Kurt Wolff (3 March 1887 – 21 October 1963) was a German publisher, editor, writer, and journalist.
Wolff was born in Bonn, Rhenish Prussia; his mother came from a Jewish-German family.[1] He married Elisabeth Karoline Clara Merck (1890–1970), of the Darmstadt pharmaceuticals firm, in 1909. Together with Ernst Rowohlt, Wolff began to work in publishing in Leipzig in 1908. He was the first to promote and publish Franz Kafka and Franz Werfel but declined to publish the works of Axel Munthe. Wolff's close contact to other writers in Prague and the support for unknown, but talented writers, helped him develop Kafka's friends, Max Brod and Felix Weltsch, who were more well known in Berlin and Germany.
In 1929, Wolff published the photography book Face of Our Time by August Sander.
In 1941 Wolff and his second wife, Helen Mosel, left Germany and emigrated to Paris, London, Montagnola, St. Tropez, Nice, and finally with the assistance of Varian Fry, to New York City.[2] Later in Munich, Florence, and the United States, Wolff developed several publishing houses.

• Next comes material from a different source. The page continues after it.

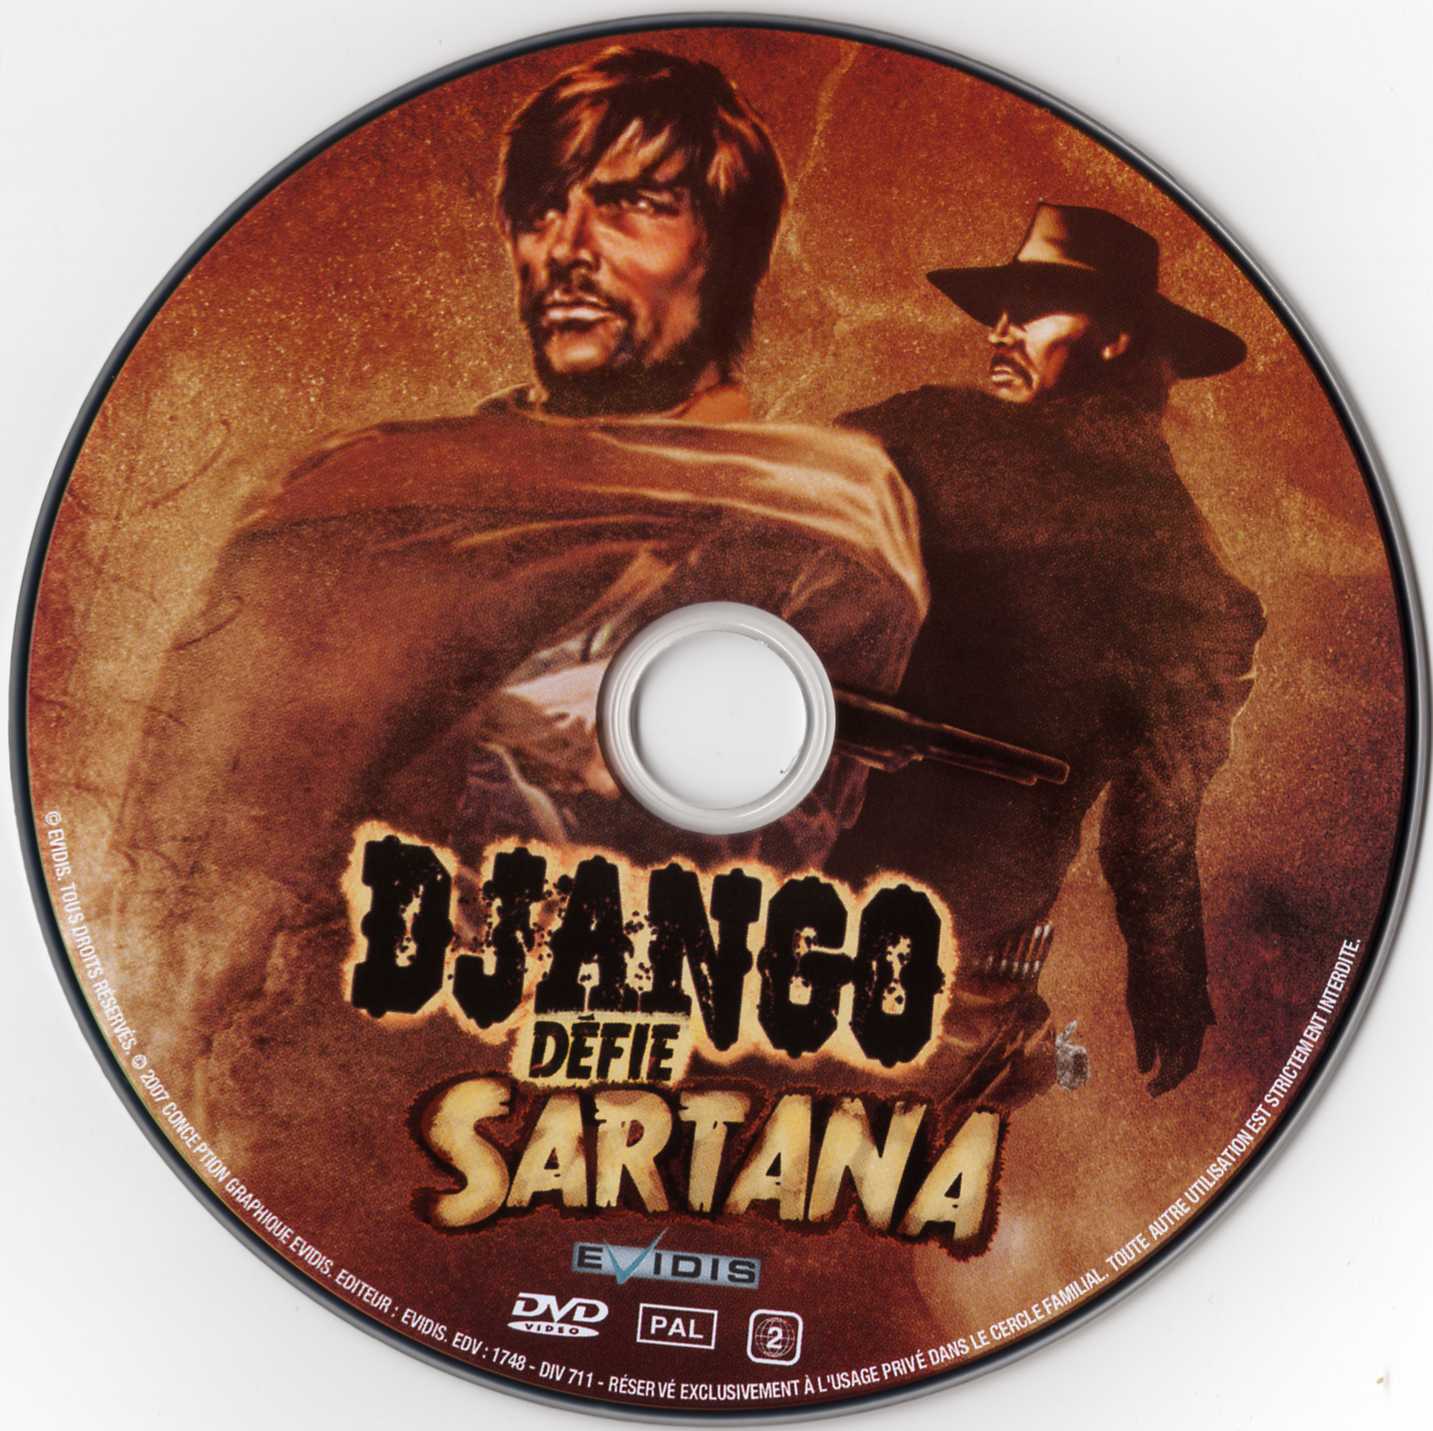 Django dfie Sartana

In the U.S., he and Helen founded Pantheon Books in 1942, which became well known.[3][4] They later ran the Helen and Kurt Wolff Books imprint at Harcourt Brace Jovanovich.[5] Wolff settled in Switzerland in the 1950s.[6] He died after a driving accident and is buried with Helen in Marbach, Germany.
The Helen and Kurt Wolff Translator's Prize is named in honor of him and his wife. His son, Christian Wolff, is a renowned avant-garde musician. His grandson Alexander (son of Nicholas) wrote a family history, published in 2021 as Endpapers: A Family Story of Books, War, Escape, and Home.